Though what ailed Aurelithae, neither of them truly knew. Albrion believed she was on the verge of being devoured by the mindless Rage of Acheryoth after exhausting herself in a fight against a primordial intelligence as great as Maerhia herself – if not more so. Terrianis apprehended a bit more, though it was his first time witnessing one whose soul got detached from their body. Hence, he reflexively erected a barrier doing no more than keeping Aurelithae’s body in its current state healed of its battle wounds until he found a way the draw her back into her mortal vessel.
A sigh escaped her, and it eased both equally for the moment.

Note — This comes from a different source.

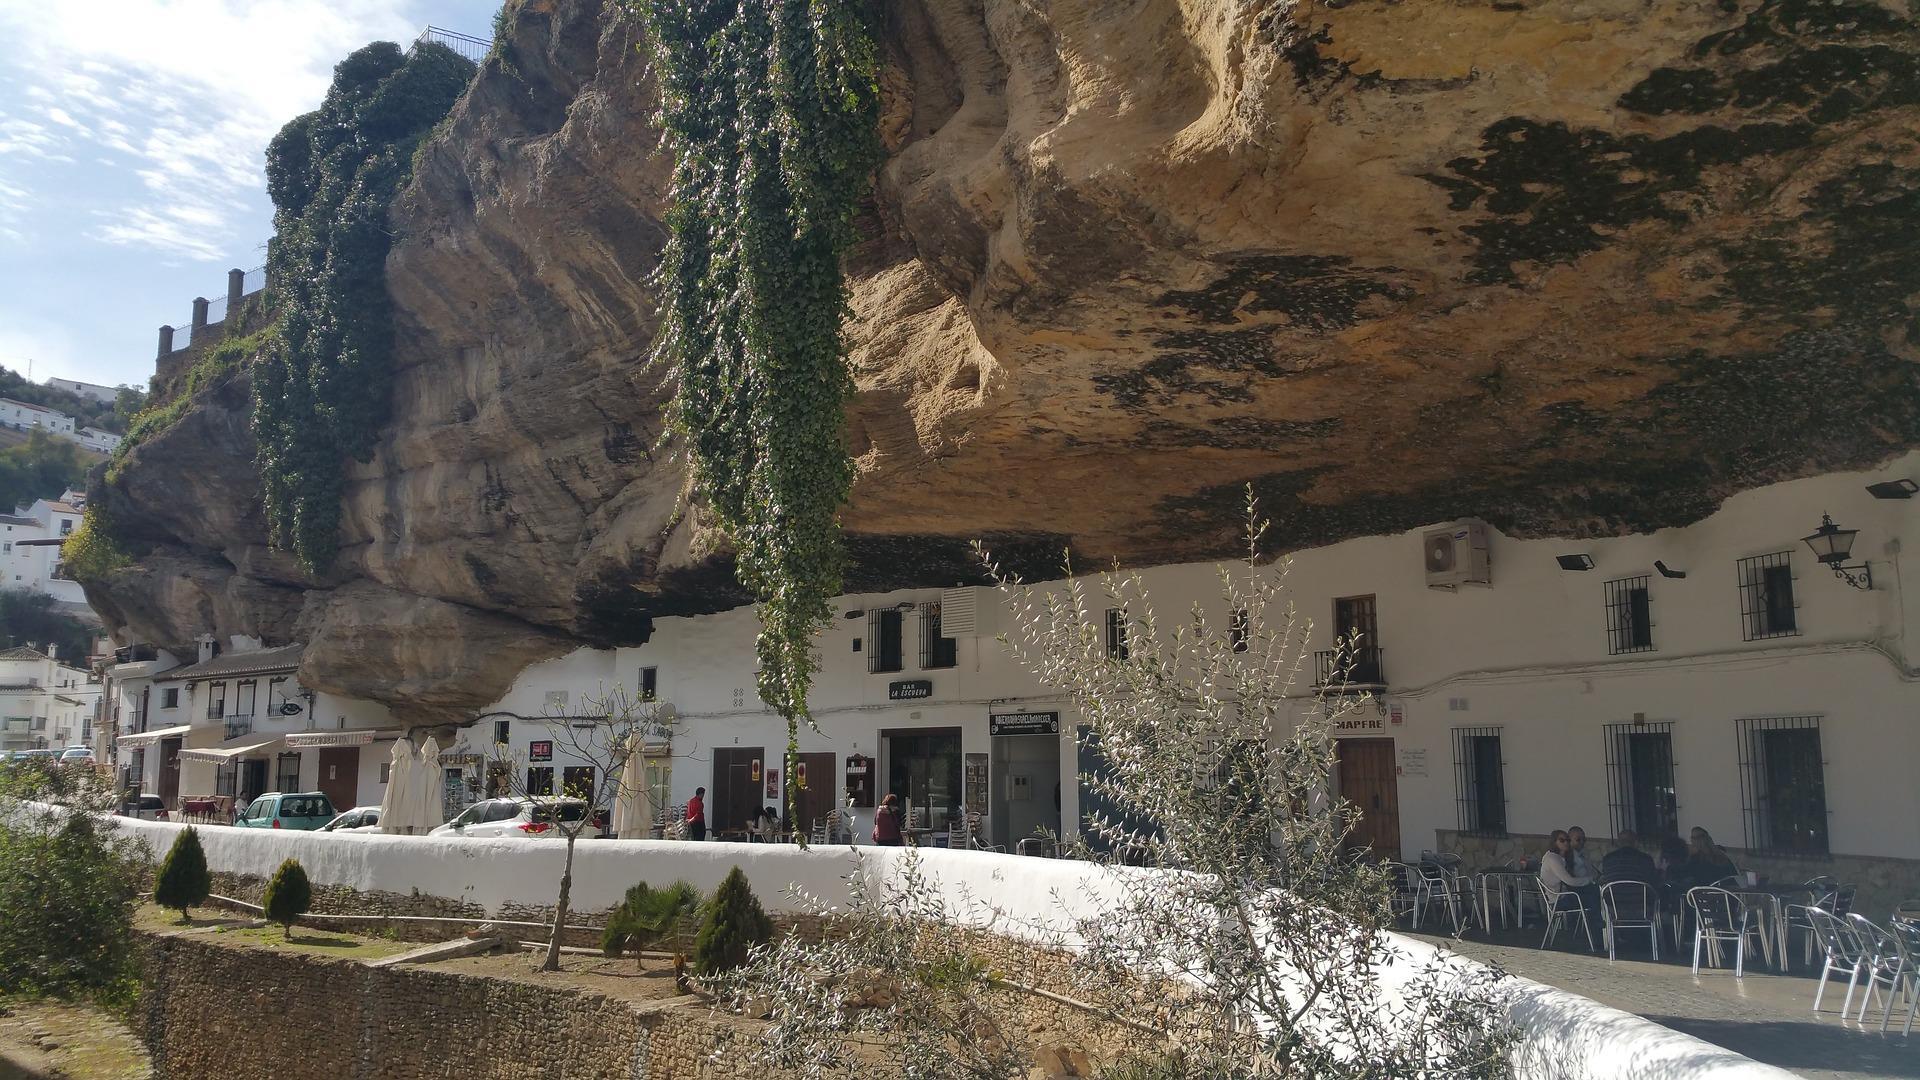 Guided Tour of Setenil de las Bodegas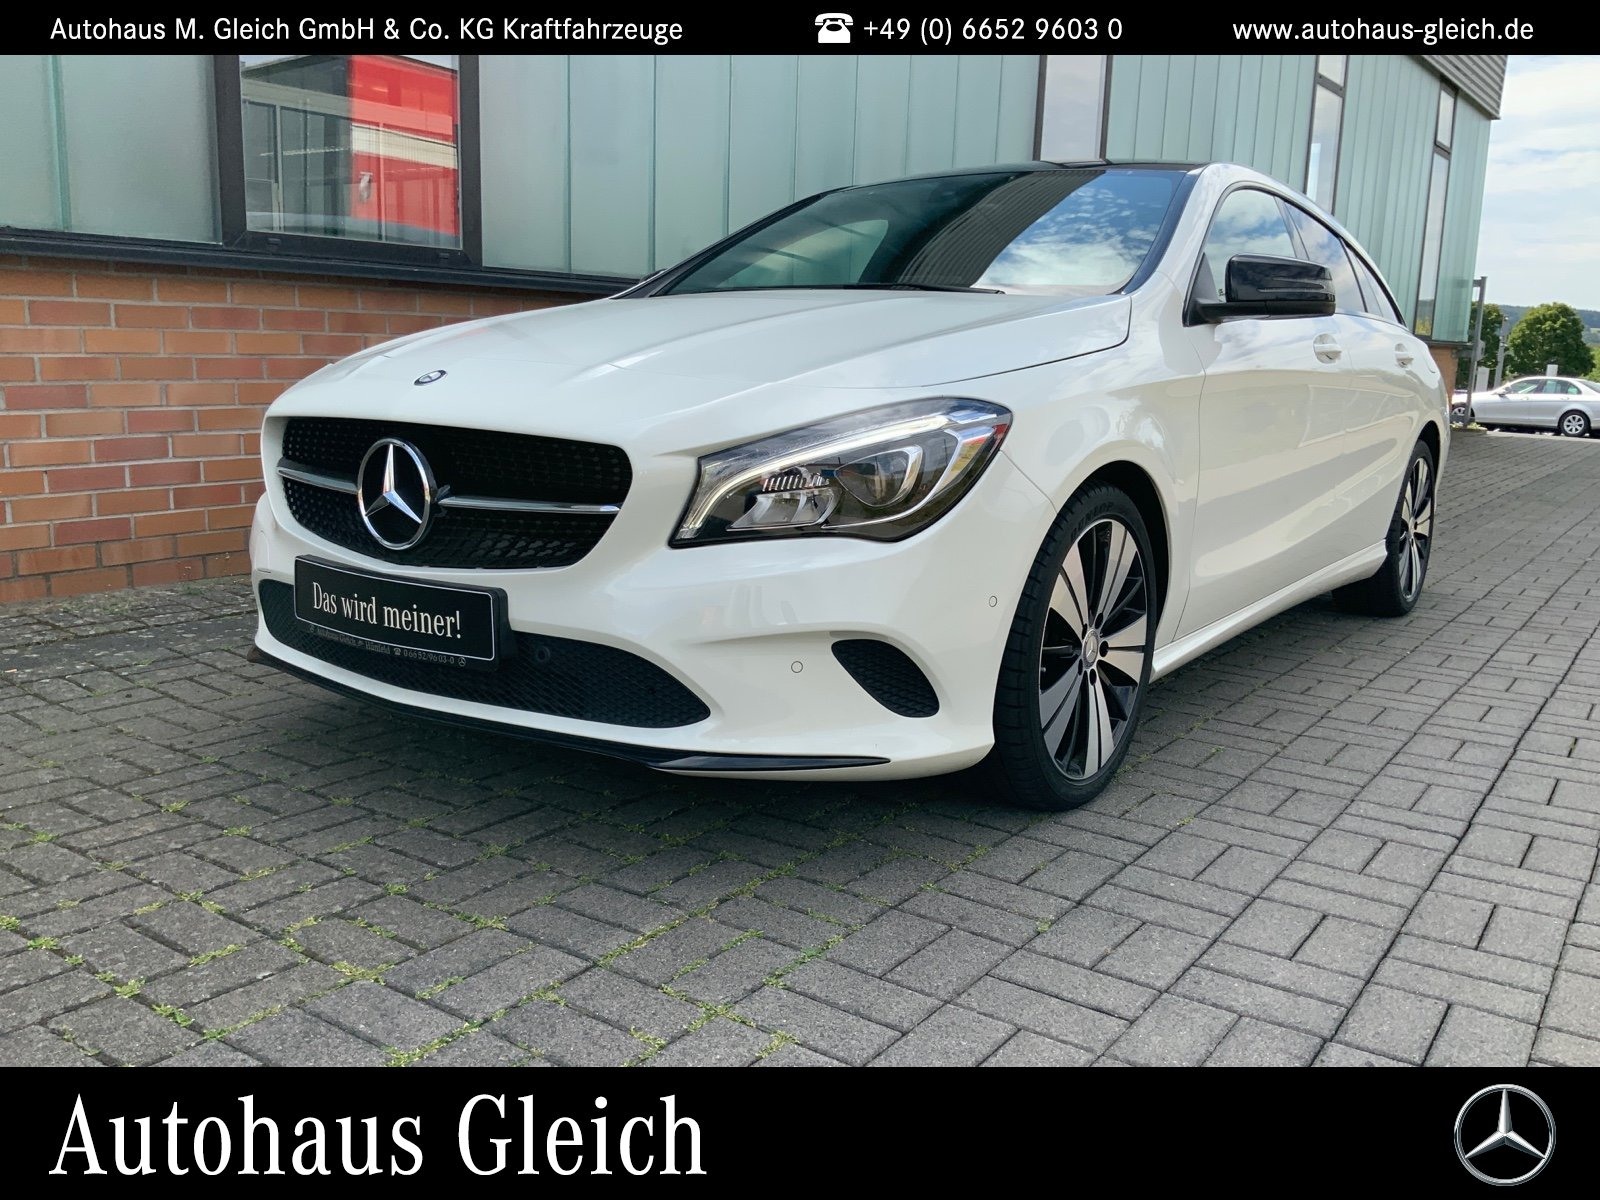 Mercedes-Benz CLA 180 Shooting Brake Urban/Navi/Pano.-Dach/LED, Jahr 2016, Benzin

“Please awaken. Please come back to me, to us my dearest whelp.” Terrianis whispered kneeling besides the bed and with his own voice, poisoned by his own fatherly worries and hopes, his warm breath brushed against her smooth and lustrous skin visible bereaved of its warmth, turning pale and white as polished marble near the corners. A peculiar and worrisome change, further confusing him. Though it seemed, the change came and ceased. “We… I need you!” Terrianis whispered, laced by his sealed away parental emotions.
Albrion looked at him as his sharpened ears picked up on the whispery words, slightly astounded hearing them part for the first time from Terrianis’s lips. But he remained wordless, confused by his own feelings and loyalties he wished to mull on until she awoke.